We spent most of the day in the town of Voltaggio.  First we entered the town and parked at the
"Peso Pubblico" (public scale) and walked up the Via Roma into the center.  Everything was
closed up tight and it wasn't until we reached the church that we saw anyone.  After entering and
snapping and videotaping everything in sight, two women, who I'm sure were overcome with
curiosity, came over and said hello.  I started describing our "genealogical trip" and soon we were
gabbing away like old friends.  It was my first attempt at serious, prolonged discussion and it went
well.  She understood me and I pretty much understood them.

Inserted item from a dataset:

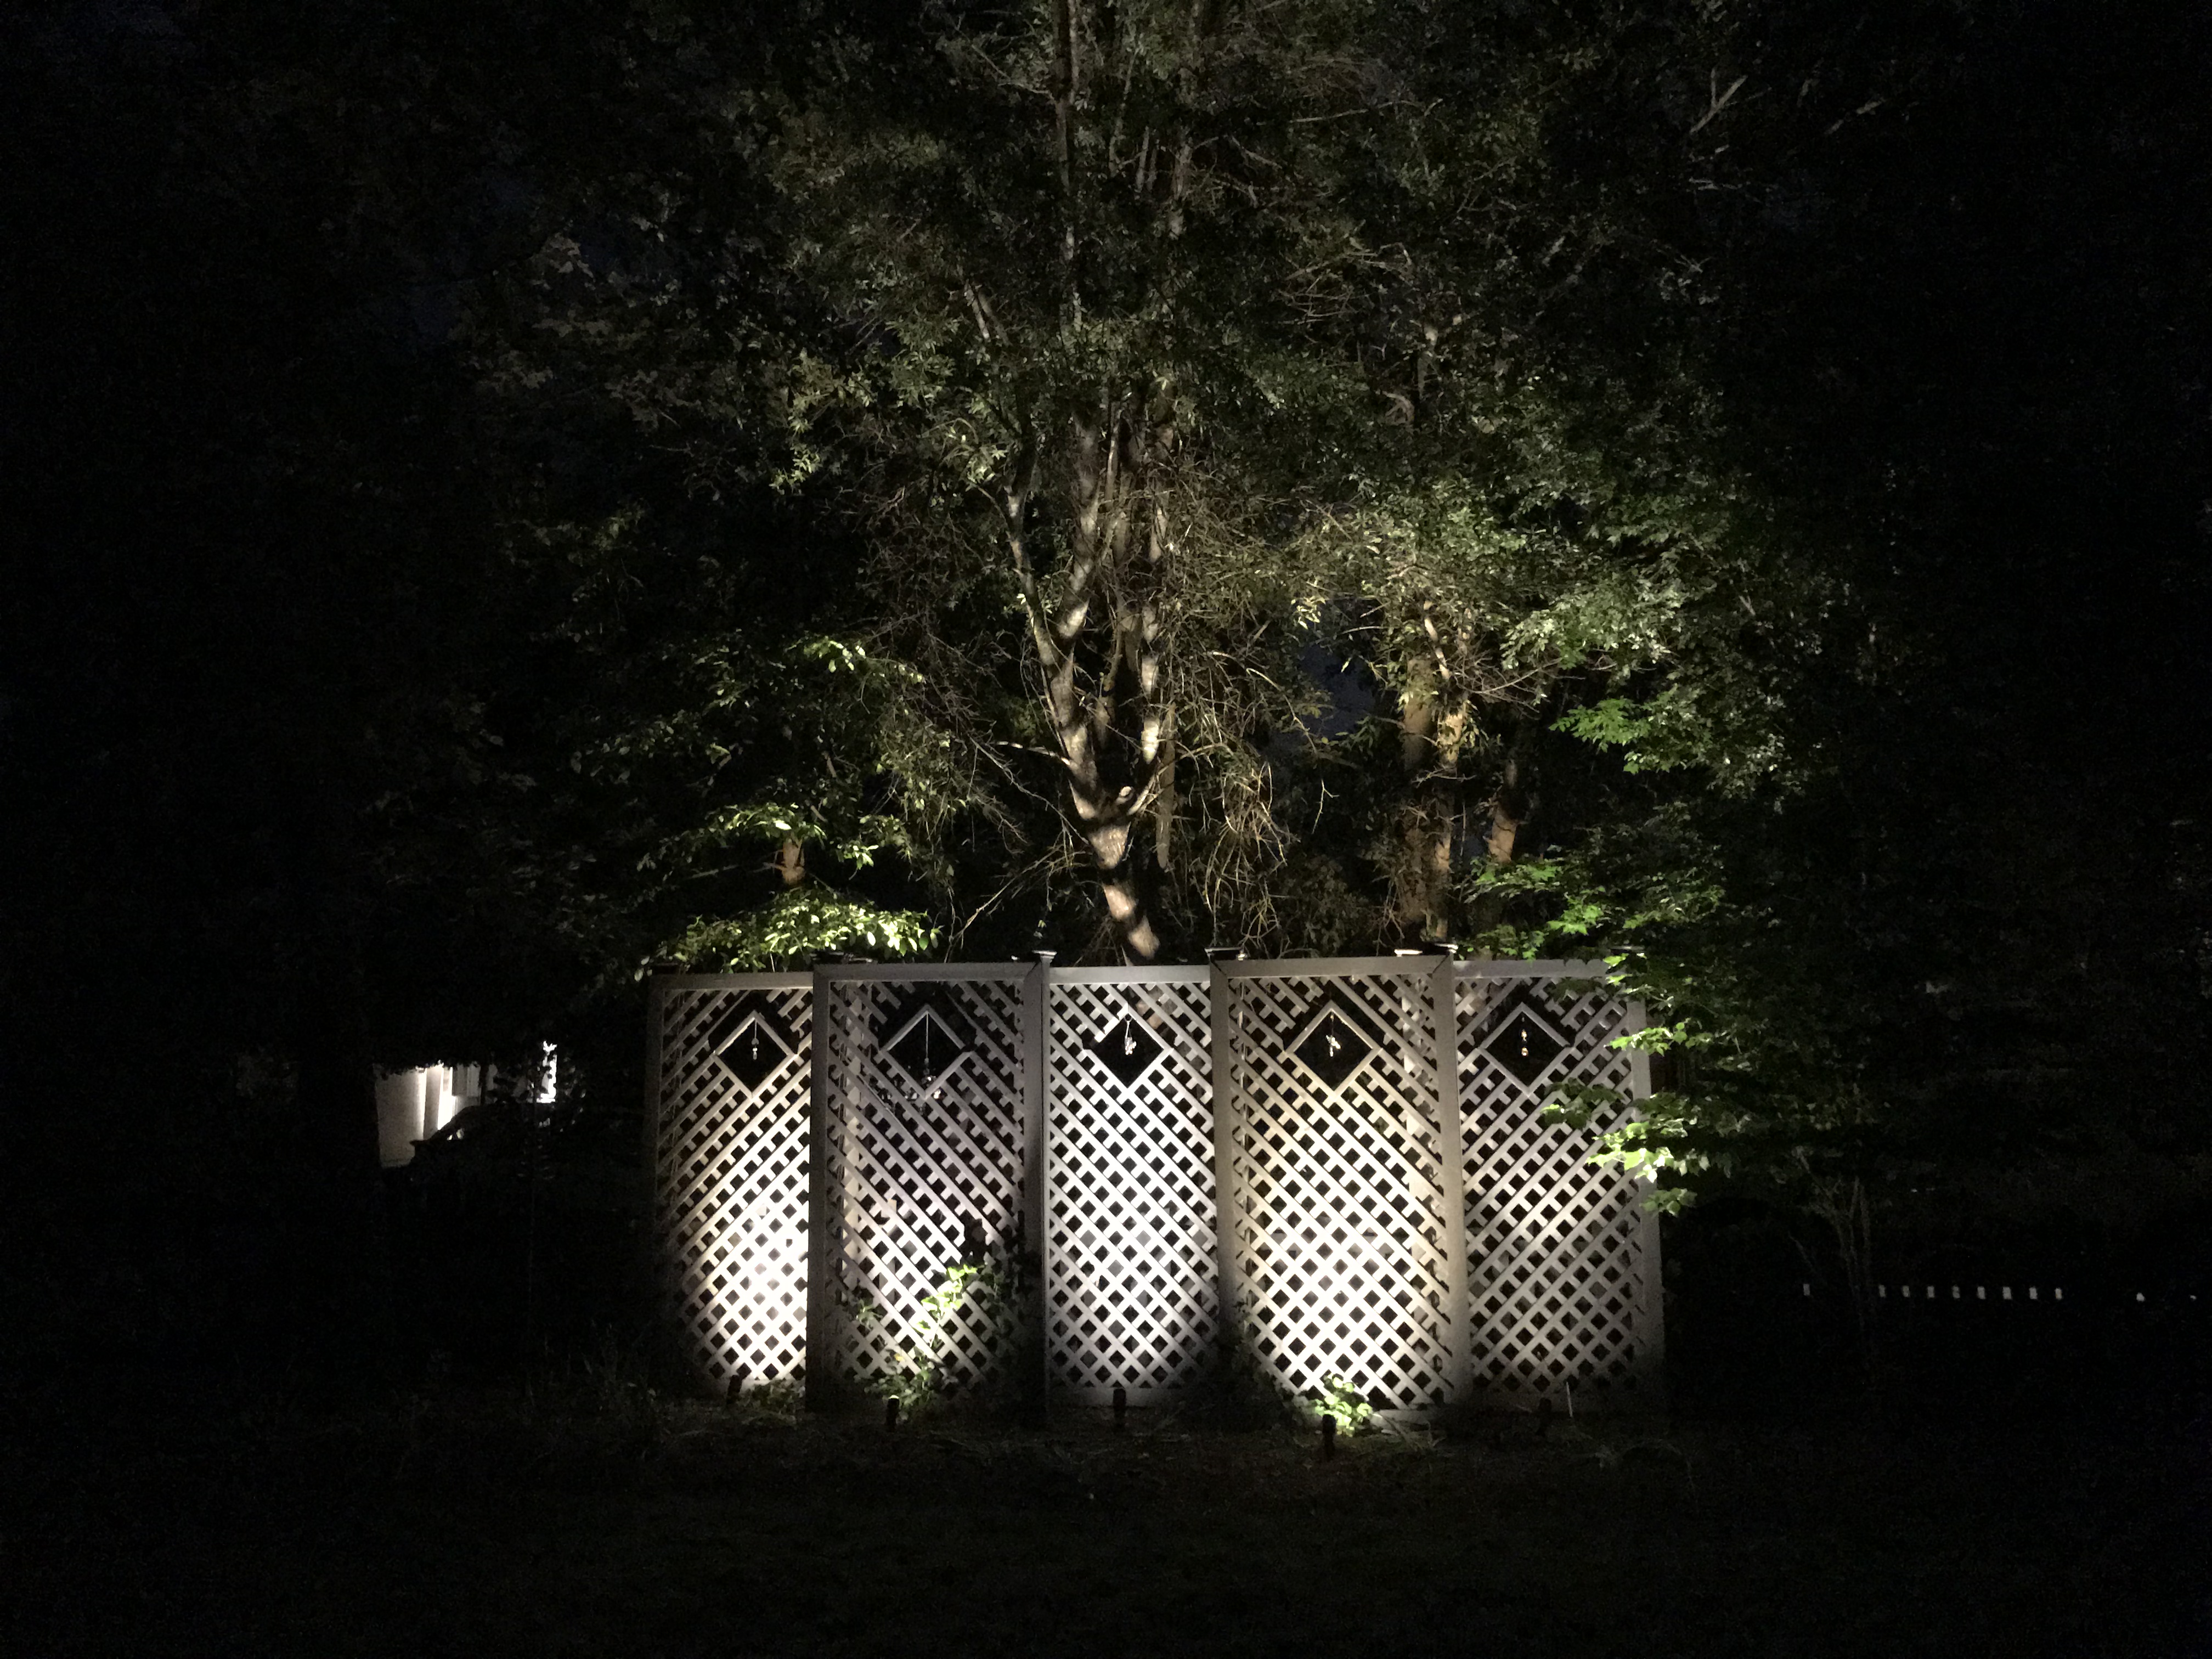 alt="Create an oasis with outdoor landscape lighting"

After the church we went to see the ruins of the castle on top of the hill.  Nick stayed down by the
church and Fran, Chris and I went around the church and up the hill.  It was a pretty tough climb
and when we arrived at the top, we had a nice view of the town below and hills around.  The
castle dates from before 900 AD and only consists of a few sections of wall and a television
antenna for the town.   After snapping a few pictures and a few feet of videotape, we returned to
the church.

By previous arrangement through my Internet connection with Allesandro Cavo, we had an
appointment to meet with the Mayor at 12:30pm.  At about 12:15, however, the door to the
Municipio was locked and the whole town went home for lunch!  Fran and I walked through to
the other side of town and took pictures while Chris went back to the car and drove it up to the
Municipal building.  By then, we decided that we were hungry and went into the only Trattoria
opened in town, a few steps from the Municipio.  We ordered Gnocchi and roast veal, followed
by gelato and fell in love with our waitress, who was a Costa Rican emigre', who with her
husband, ran the trattoria.

After lunch we tried the Municipio again (still locked), but this time I rang the bell.  A window
opened from the upper floor and I explained our appointment to her.  He said that the Mayor was
sick, but that she would call the Vice-Mayor.  We went up the stairs to the Council Room and
met Vice-Mayor Repetto, who proceeded to give us about 20 minutes of explanations to the
numerous questions that we had about the town.  It seems that there were 5 churches which date
back to before 1600, but all of them had their records destroyed as a result of the wars which
plagued the area in the 17th century between Genova and Piemonte.  As a result, no real records
remain.  The Mother Church (Santa Maria Assunta) was rebuilt in the 18th century on the remains
of an older church.  Signor Repetto gave us some books and promised to send more to me by
mail.

After our visit with the Vice-Mayor, we drove to the "postcard spot", where we took many
pictures and feet of tape at the old Roman bridge, with a great view of the town.  While we were
there we spotted a house for sale at the confluence of two arms of the stream; a perfect spot to
retire to.  Oh well, just a dream.  Before we left town, we were met again by the Costa Rican
waitress/owner of the Trattoria and she insisted in showing us the sulfur spring at the edge of
town.  All during our walk there, she talked  about her life story of leaving Costa Rica, coming
through Miami, where she was detained for two days and arriving here in Voltaggio.  After a few
more pictures, we left her and started home.  Our trip back to Milano was filled with excited
conversations of our glorious day in the town of Voltaggio.